Here’s five interesting takeaways from the big report:
1. Hackers love ransomware
2. Adobe Flash is still bad for cybersecurity
3. Hackers are setting up shop in abandoned WordPress websites
4. Companies with old, outdated technology are at risk of attacks
5. Security teams are losing their confidence

Perspective.  Interesting slide from the talk, too. 
America uses stealthy submarines to hack other countries’ systems
   In fact, subs represent an important component of America's cyber strategy.  They act defensively to protect themselves and the country from digital attack, but — more interestingly — they also have a role to play in carrying out cyberattacks, according to two U.S. Navy officials at a recent Washington conference.
"There is a — an offensive capability that we are, that we prize very highly," said Rear Adm. Michael Jabaley, the U.S. Navy's program executive officer for submarines.  "And this is where I really can't talk about much, but suffice to say we have submarines out there on the front lines that are very involved, at the highest technical level, doing exactly the kind of things that you would want them to do."
   But even this doesn't compare to what the Navy wants to be able to do next: turn its submarines into motherships for underwater drones that can maneuver themselves even closer to shore and conduct jamming or hacking operations while allowing the sub to work at a distance.

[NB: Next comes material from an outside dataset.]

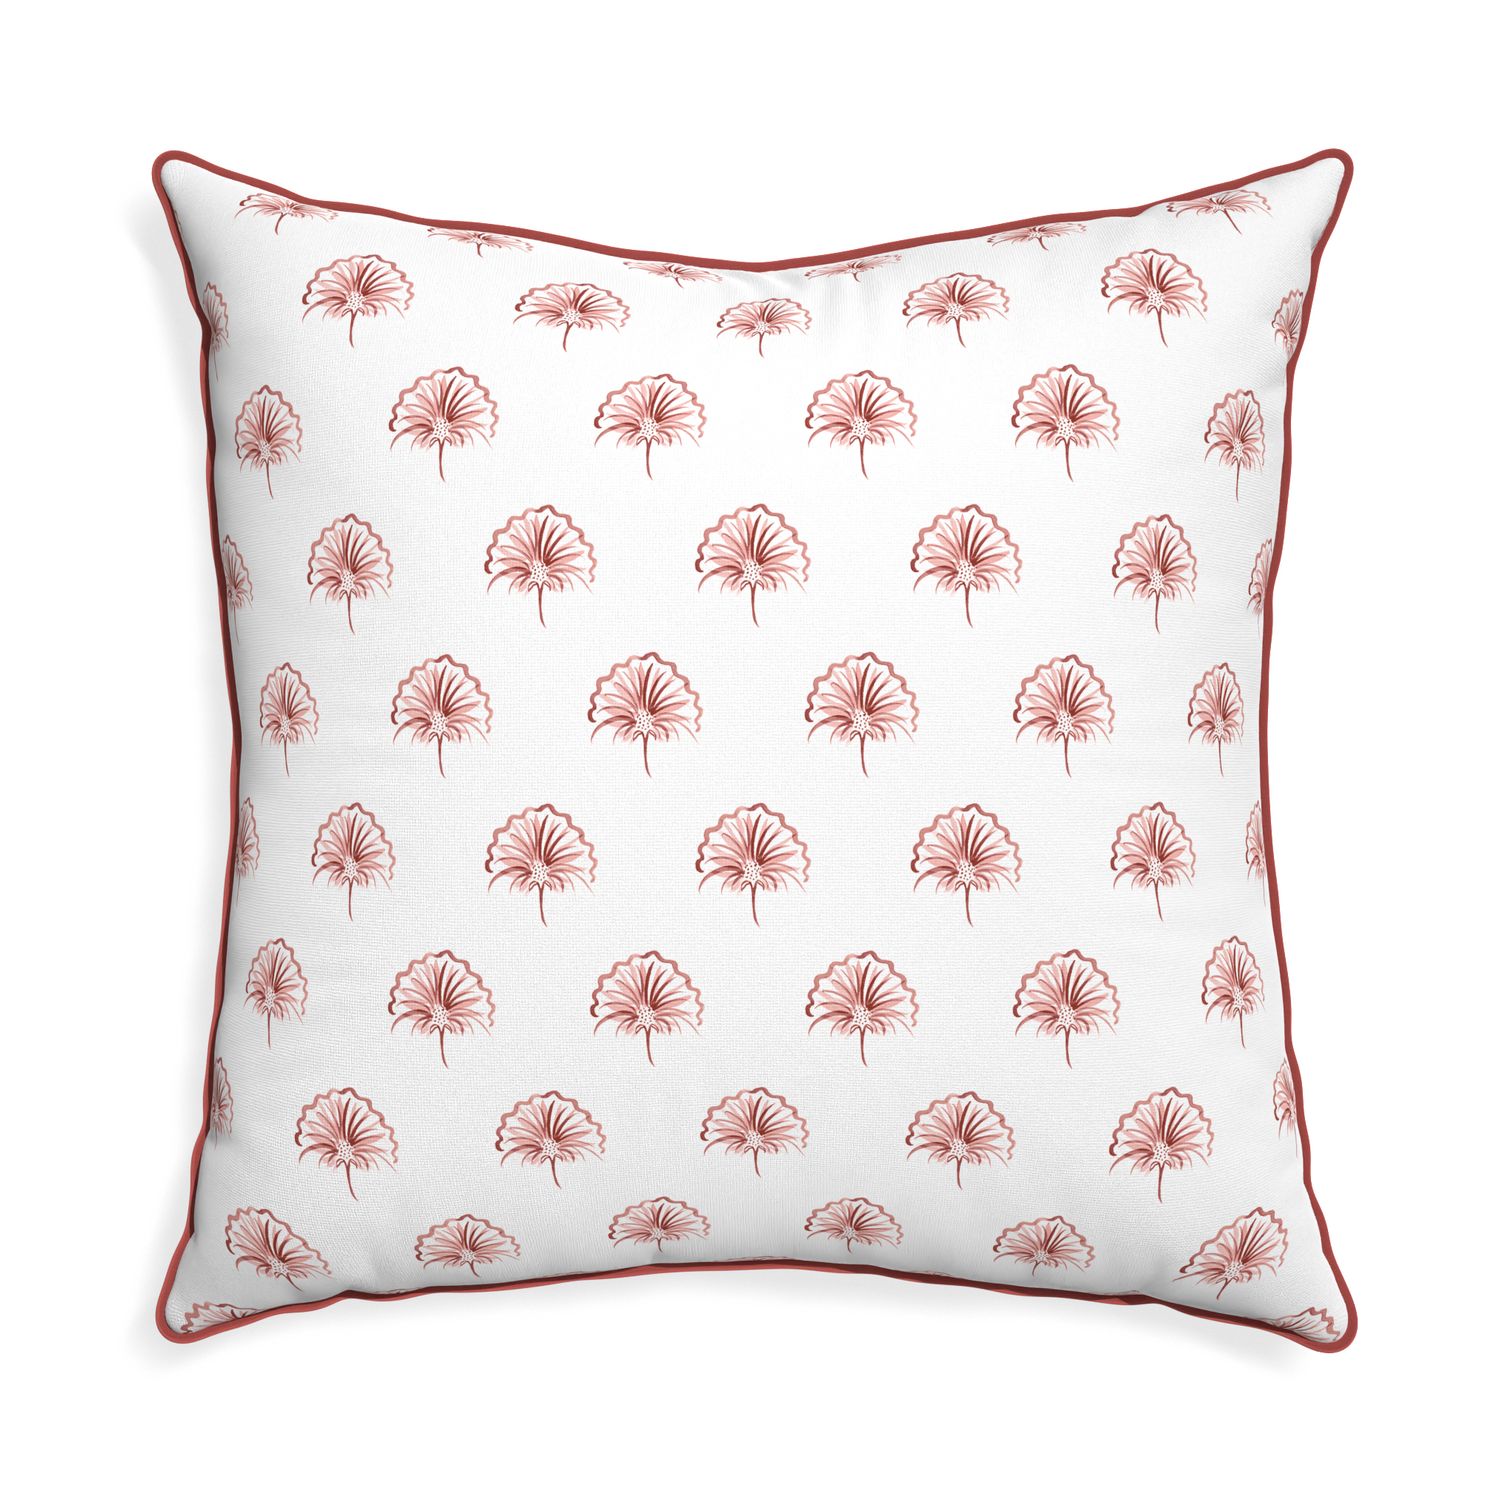 Euro-sham penelope rose custom pillow with c piping on white background

Why didn’t I think of this?  Also lists a lot of articles on failures of security. 
   Mudge and his wife, Sarah, a former NSA mathematician, have developed a first-of-its-kind method for testing and scoring the security of software — a method inspired partly by Underwriters Laboratories, that century-old entity responsible for the familiar circled UL seal that tells you your toaster and hair dryer have been tested for safety and won’t burst into flames.
Called the Cyber Independent Testing Lab, the Zatkos’ operation won’t tell you if your software is literally incendiary, but it will give you a way to comparison-shop browsers, applications, and antivirus products according to how hardened they are against attack.  It may also push software makers to improve their code to avoid a low score and remain competitive.
“There are applications out there that really do demonstrate good [security] hygiene … and the vast majority are somewhere else on the continuum from moderate to atrocious,” Peiter Zatko says.  “But the nice thing is that now you can actually see where the software package lives on that continuum.”
Joshua Corman, founder of I Am the Cavalry, a group aimed at improving the security of software in critical devices like cars and medical devices, and head of the Cyber Statecraft Initiative for the Atlantic Council, says the public is in sore need of data that can help people assess the security of software products.

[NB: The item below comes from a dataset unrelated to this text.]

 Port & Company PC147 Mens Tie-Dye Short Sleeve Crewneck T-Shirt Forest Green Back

Perspective.  A very “hands on” business, lifted by online sales – which it delivers. 
UPS Profits Rise on E-Commerce Growth
Revenue increased 3.8% to $14.63 billion for the second quarter, while profit rose to $1.27 billion.  UPS forecast its e-commerce business will grow faster than expected through the end of the year, as U.S. consumers continue to show strength.

For the paranoid or the easily annoyed?  
Google Search now helps you set up email notifications for when you’re mentioned on the web
Now when you Google yourself, so long as you’re logged in to Google and you’ve allowed Google to save your web and app activity, Google will show you a new widget at the bottom of the first page of search results that will help you easily set up a new Google Alert for new references of your name.
This is a reasonable move for Google to make. Google Alerts have been around since 2003.  These days if you want to find out what’s online about you, you Google yourself, you don’t set up a Google Alert.  But the thing is even though they’re not the hot new thing, Google Alerts work well. You can adjust settings like email frequency, source types, languages, regions, whether to only send the best results, and the email address to send alerts to.  So Google Alerts provide the back end for this new tool.